Contexte peu favorable au débat raisonné
Car si malgré l’avis des agences sanitaires, la France devrait voter non à la ré-autorisation du glyphosate, et interdire son utilisation sur son sol, c’est aussi parce que le contexte facilite les prises de décisions purement politiques, explique la fondation Concorde. Cette « question purement scientifique est contaminée par des polémiques et un contexte idéologique particuliers », indique la note, alors que « se développe une vague sans précédent de contestations face aux expérimentations scientifiques ». Cette vague s’explique, pour la fondation, par un « néo-rousseauisme » qui privilégie le « naturel » comme seul critère de bien, ainsi que par le développement d’une logique de réaction anti-scientifique, alimentée par une déformation du principe de précaution. « Un dernier élément qui alimente la polémique est la regrettable confusion entre danger et risque. Le danger correspond à un effet potentiel, ce qui peut par exemple permettre de classer en cancérogène probable ou certain la viande rouge, la charcuterie et l’eau chaude ! Le risque, lui, correspond à la combinaison d’un danger et d’une exposition », rappelle la note. Face à cette situation, la fondation Concorde préconise de mieux maîtriser la logique de surprotection, de redonner sa place à la science, et de promouvoir dans l’immédiat un encadrement des usages plutôt qu’une interdiction.

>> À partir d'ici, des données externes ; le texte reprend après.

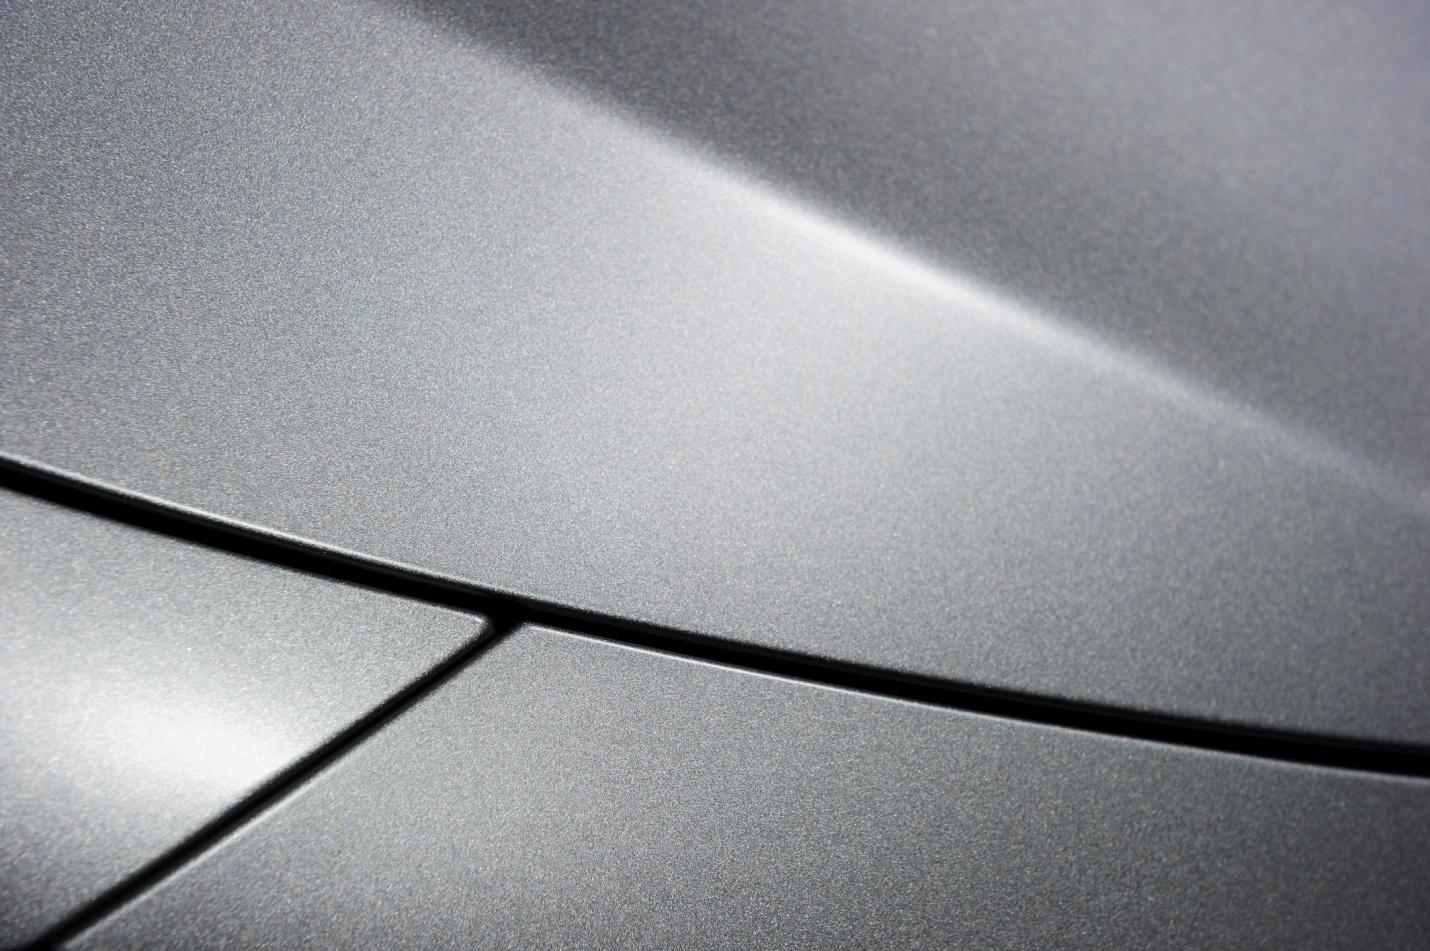 Ce qu'il faut savoir sur les fabricants d'équipement d'origine pour les conseillers en carrosserie

Une nouvelle surtransposition
Au-delà des conséquences liées à l’absence d’alternative, l’interdiction possible du glyphosate repose la question, récurrente, de la surtransposition française des normes en agriculture. Pour la députée Sandrine le Feur, productrice de céréales et de légumes bios, « en agriculture, les normes se superposent, on n’a pas de vision, on ne sait pas où on va ! », comme l’a montré l’exemple des poules en cages : les éleveurs ont investi des années, jusqu’en 2012, pour mettre aux normes leurs cages, alors que la demande sociétale aujourd’hui privilégie les œufs de plein air. À titre personnel, l’agricultrice, qui a créé un magasin de producteurs, n’a pas pu comme initialement prévu y adosser un laboratoire de transformation : « les normes sont trop fortes, ce n’est accessible qu’aux grands industriels », regrette-t-elle. Néanmoins, cette surprotection française peut s’avérer payante, ajoute-t-elle, « à condition que l’on puisse la valoriser derrière », comme pour le bio français, plus strict mais reconnu pour sa qualité. Pour autant, « il ne faut pas que la surtransposition entrave la compétitivité française », ce qui serait le cas avec l’interdiction du glyphosate, insiste la députée.